You have "logic" on your side, Miss J - I have "idiom" on mine


----------



## PaulQ

Parla said:


> In my opinion, both "try to" and "try and" are acceptable.


  

In Gramman's link to the Guardian, it is noted: 





> *10 Try and try again*
> Try to has traditionally been  regarded as more "correct" and try and as a colloquialism or worse.  ... Sometimes there is a good  case for try and – for example, if you want to avoid repeating the word  to in a sentence such as: "We're really going to try and win this one."


Note the phrase: "has traditionally been  regarded as more "correct"" - this gives no indication as to whether it *is* correct or not. 

I see try and <bare infinitive> as an idiom: hence it being more common in speech. As it is common in speech, then it is part of the language and thus, as correct as the "try to" version.

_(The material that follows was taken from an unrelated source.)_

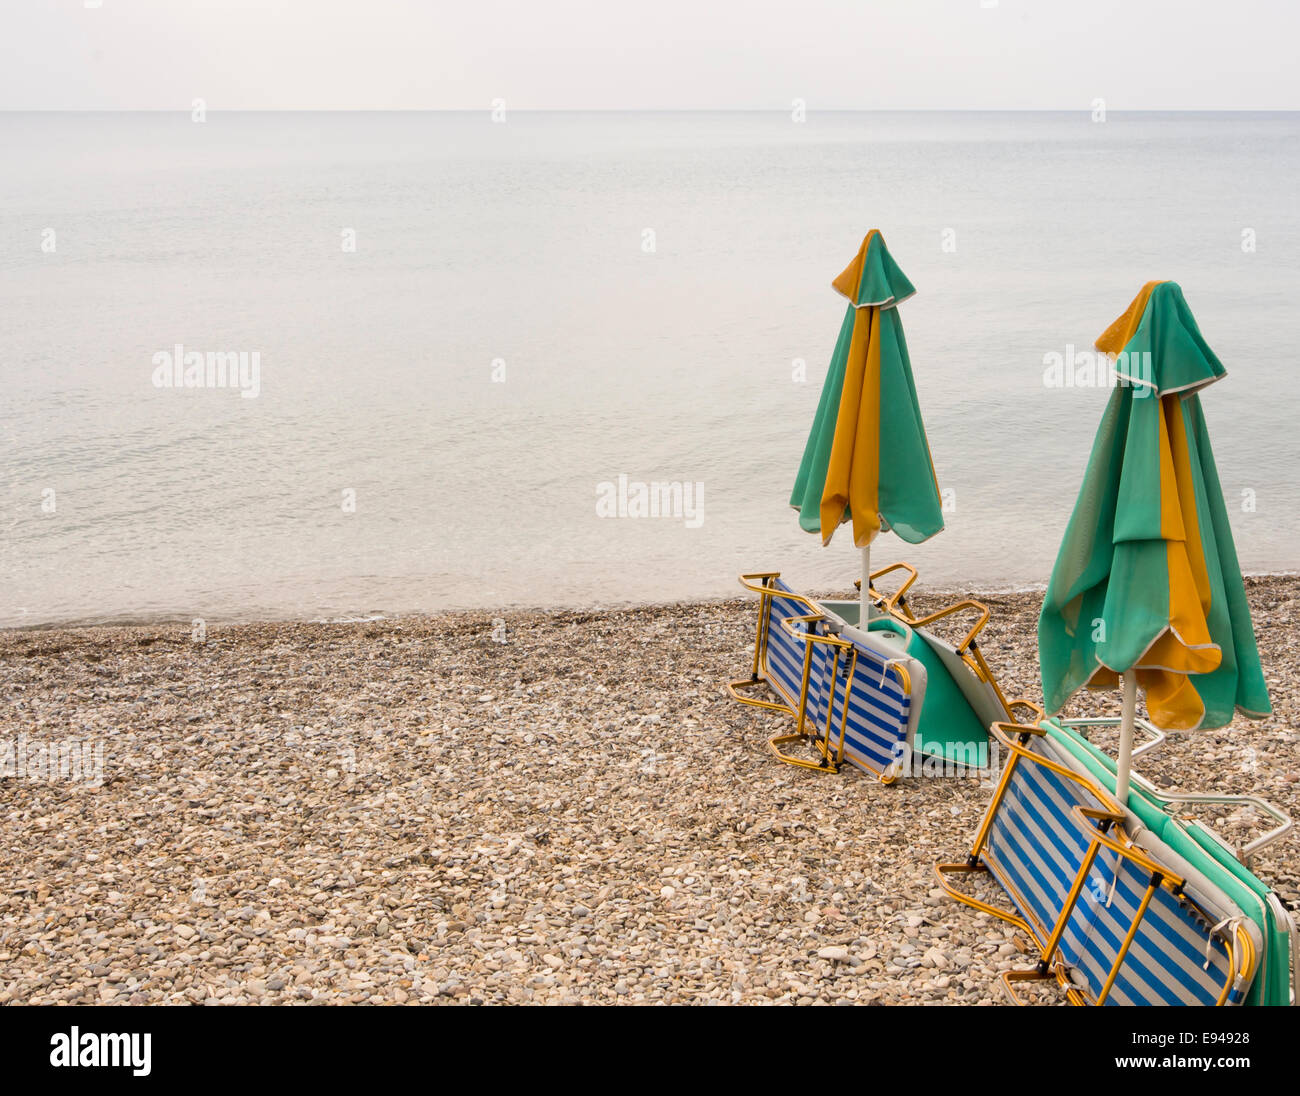 Düster Tag am Strand, Sonnenliegen, geschlossene Sonnenschirme, grauen Himmel leer niemand spielen im Wasser oder mit Kieselsteinen, Samos Griechenland Stockfoto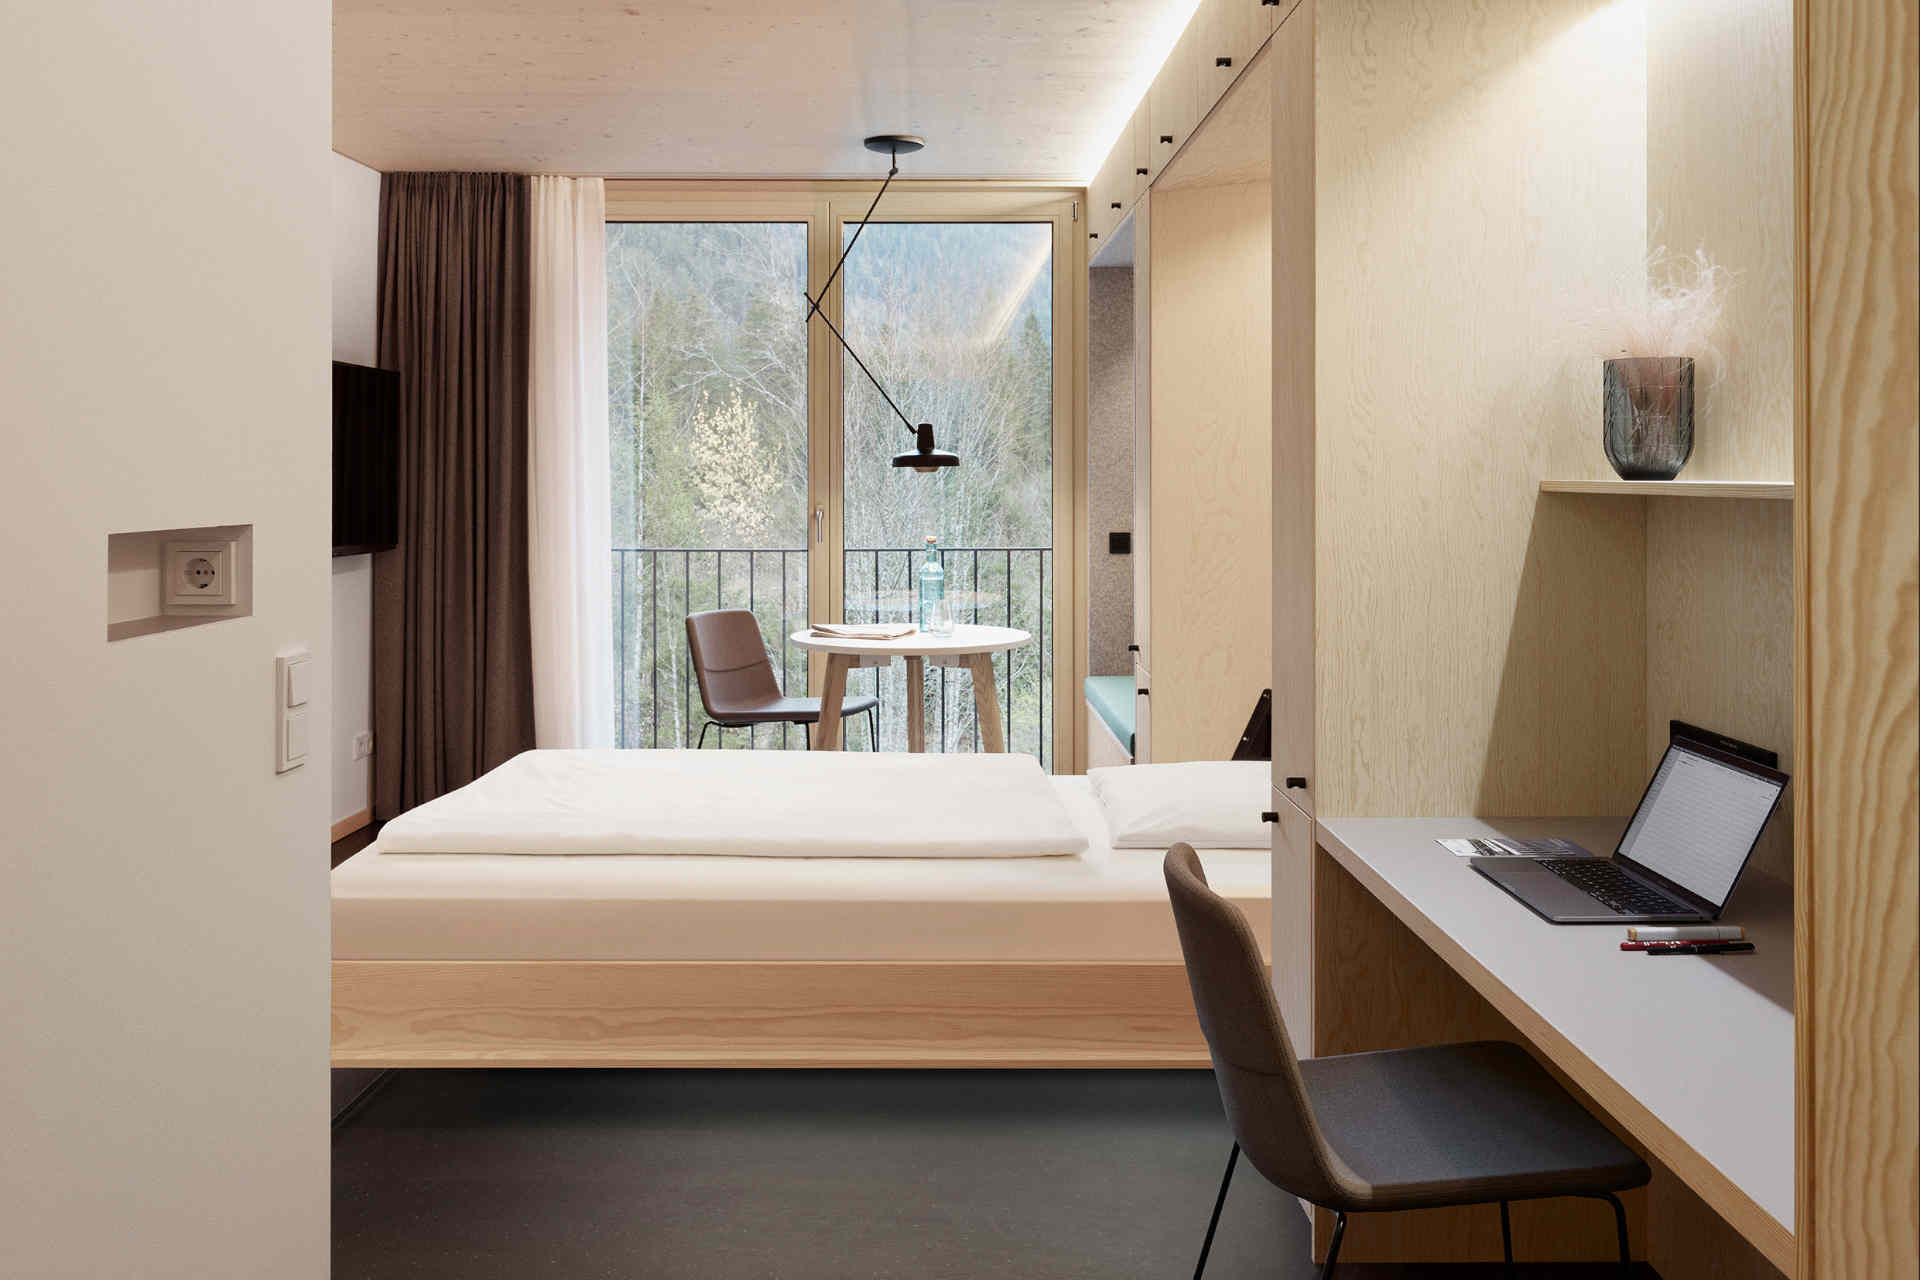 Das neue Personalhaus enthält 36 Wohneinheiten. © Alpenhotel Ammerwald

I think we must be careful and/to describe the language as it is, and not as we might like it to be.

(crosspost with Loob's idiom: idioms trump grammar.)


----------



## Miss Julie

"_Gonna_" is an idiom and part of the language, but we don't encourage people to use it!


----------



## Loob

Miss Julie said:


> "_Gonna_" is an idiom and part of the language, but we don't encourage people to use it!


"Gonna" isn't an idiom, Miss J - it's reflection of how people often pronounce the phrase "going to".

"I'm going to try and see X" is an idiomatic way of saying "I'm going to try to see X": I see no reason to discourage people from using it....


----------



## sdgraham

As you can see from the above, our British friends are wedded to their 'try and."

Since we have no designated authority of the English language, the debate could on forever. In other words, we have no august body to tell us whether a certain term is idiom or idiocy.

People who are accustomed to using a phrase while immersed in a sea of similar usage are not likely to accept comments that it's nonsense or incorrect or whatever.

I can affirm that it's *not* acceptable in the U.S. newspaper world and looks odd to most of us ex-colonists. Generally the issue does not ever arise on editing desks on this side of the pond because we seldom see it.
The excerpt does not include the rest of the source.